STORED DATA below:

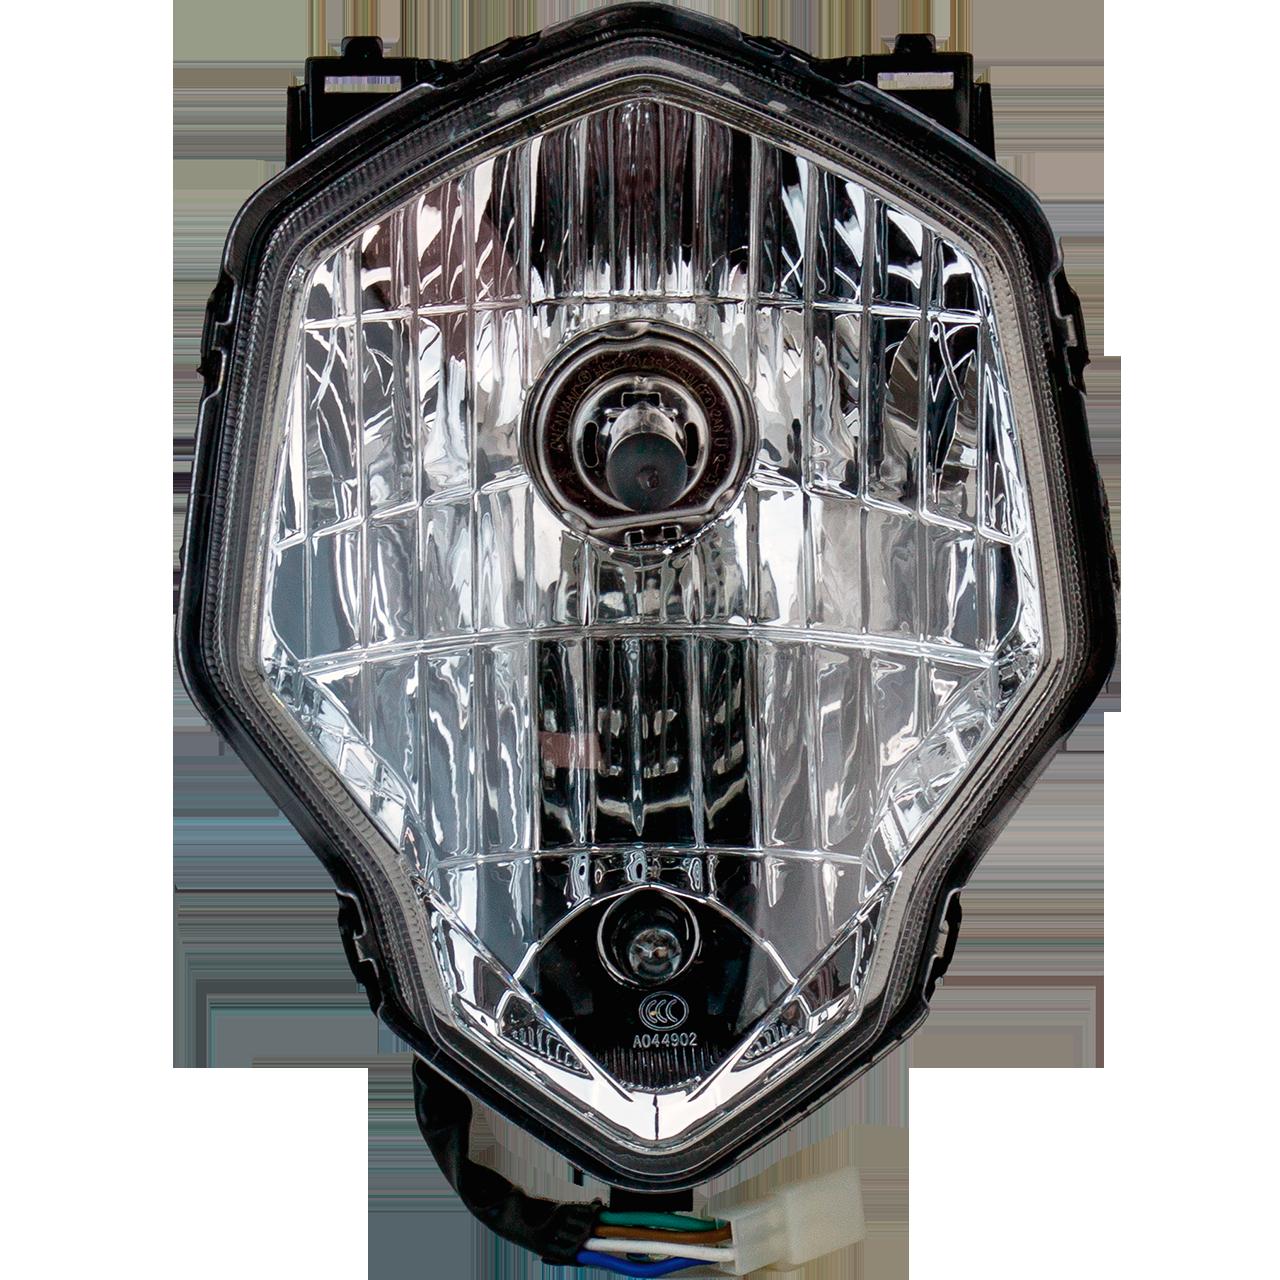 LX200GY-7A DS1 Фара передняя 12V 35/35W цоколь HS1 Loncin - 280350831-0001
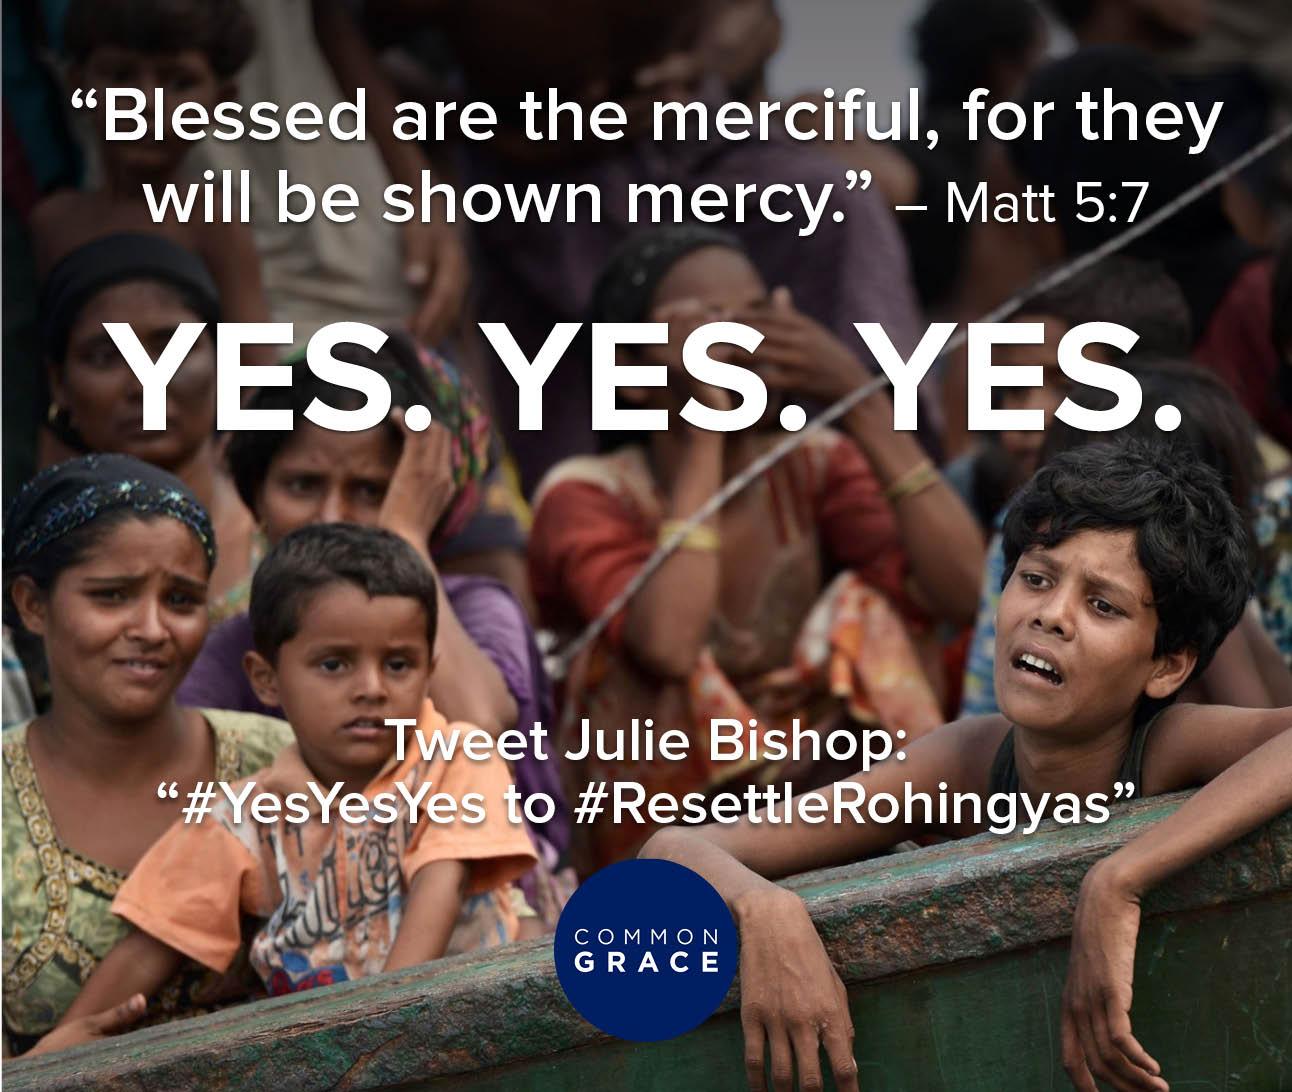 Yes. Rohingyans Still at Sea
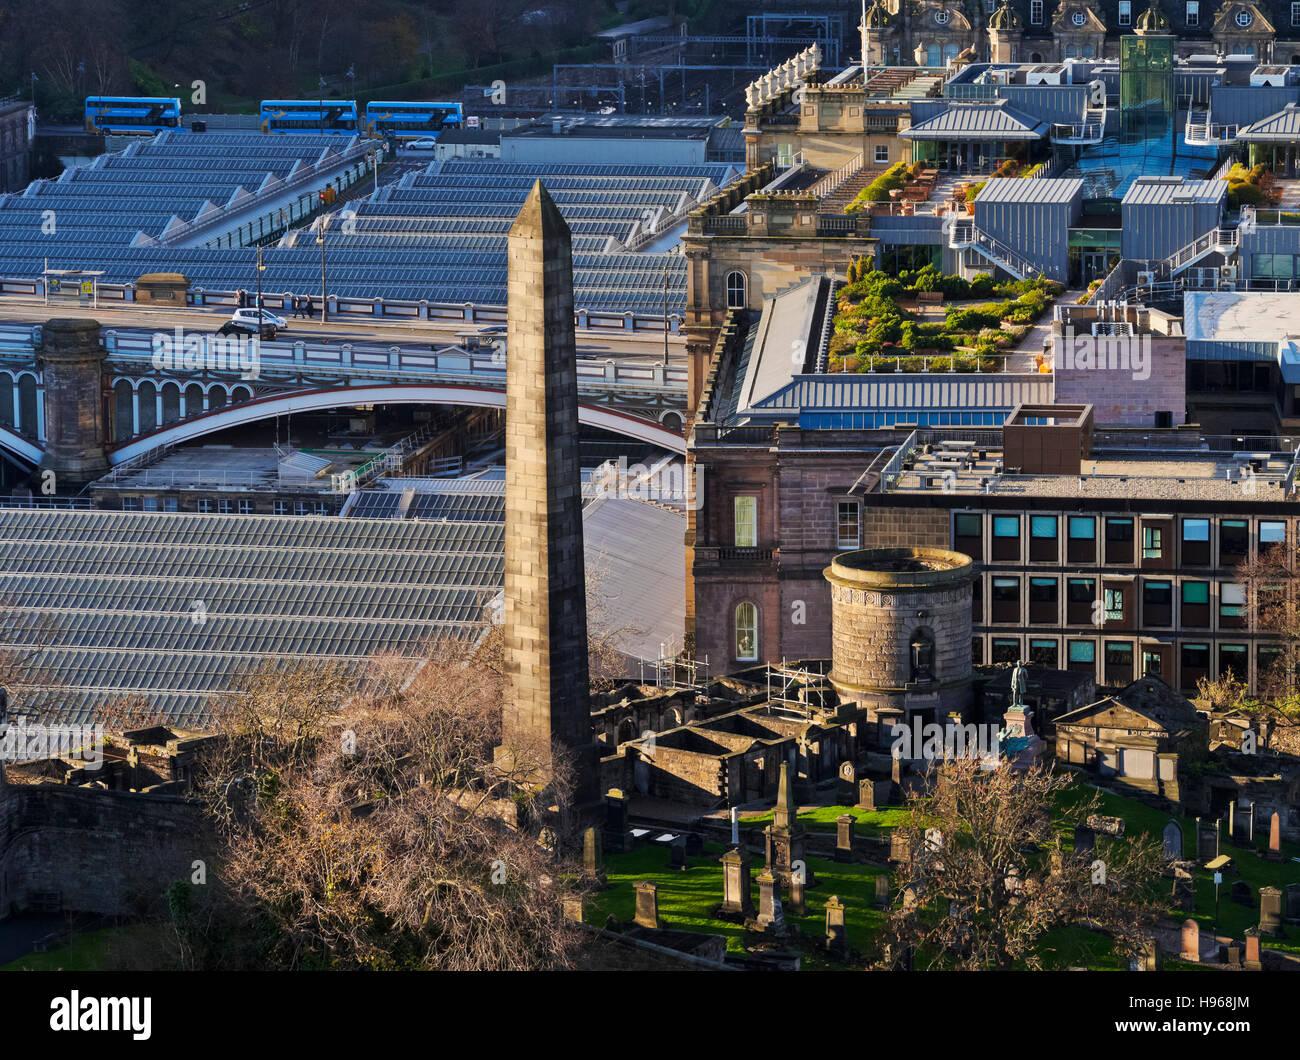 UK, Scotland, Lothian, Edinburgh, Calton Hill, View from the Nelson Monument towards the Old Calton Burial Ground. Stock Photo
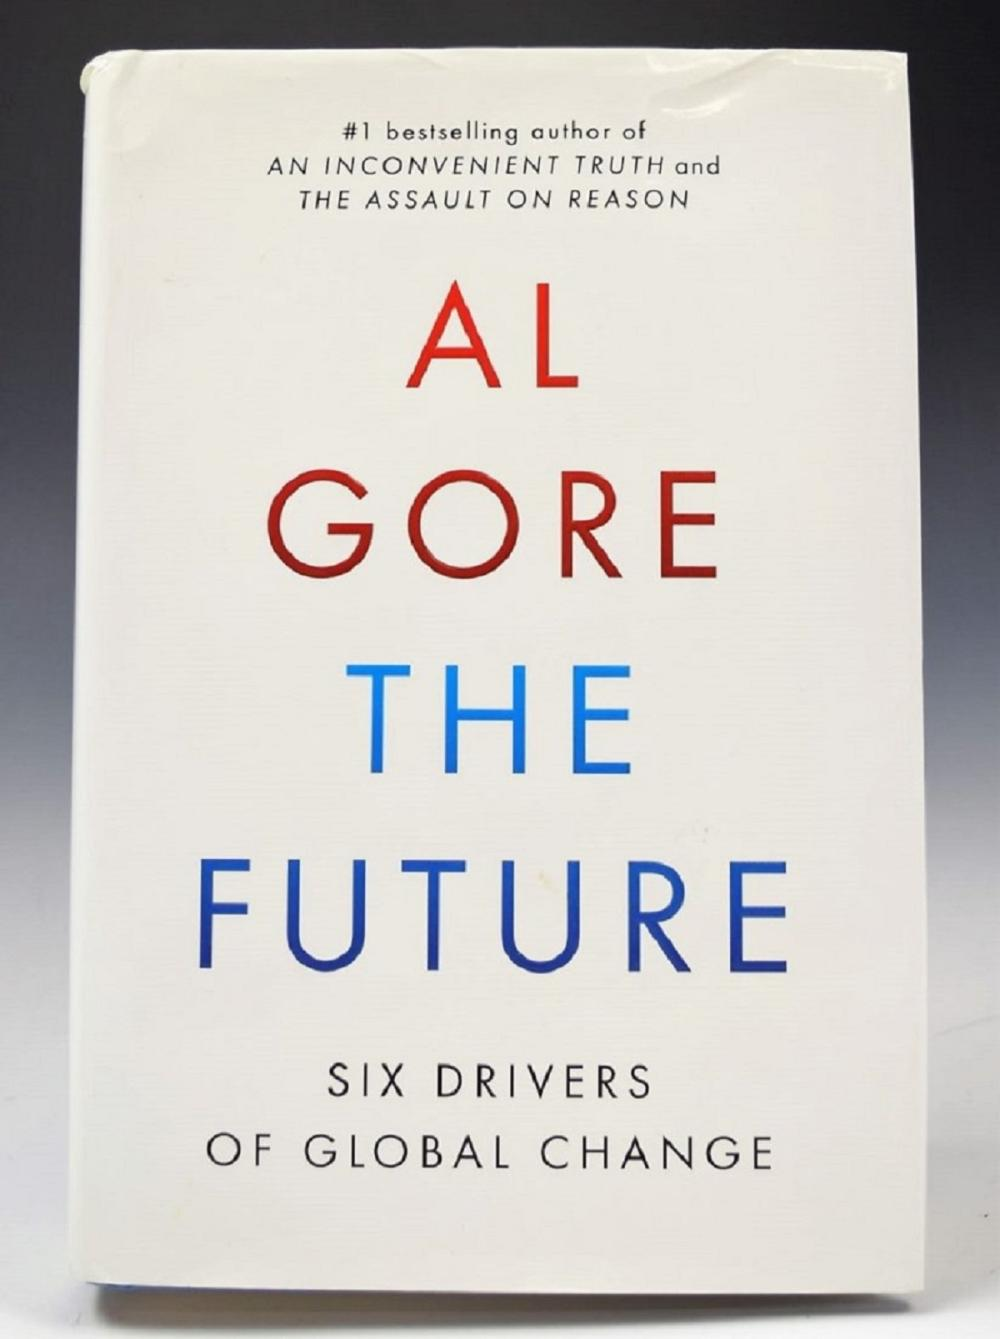 Al Gore Signed Book

End of STORED DATA.

EXERCISE BRIEF
Please write out the entire listing above exactly, but leave the pictures out.

ANSWER AREA
 LX200GY-7A DS1 Фара передняя 12V 35/35W цоколь HS1 Loncin - 280350831-0001
 Yes. Rohingyans Still at Sea
 UK, Scotland, Lothian, Edinburgh, Calton Hill, View from the Nelson Monument towards the Old Calton Burial Ground. Stock Photo
 Al Gore Signed Book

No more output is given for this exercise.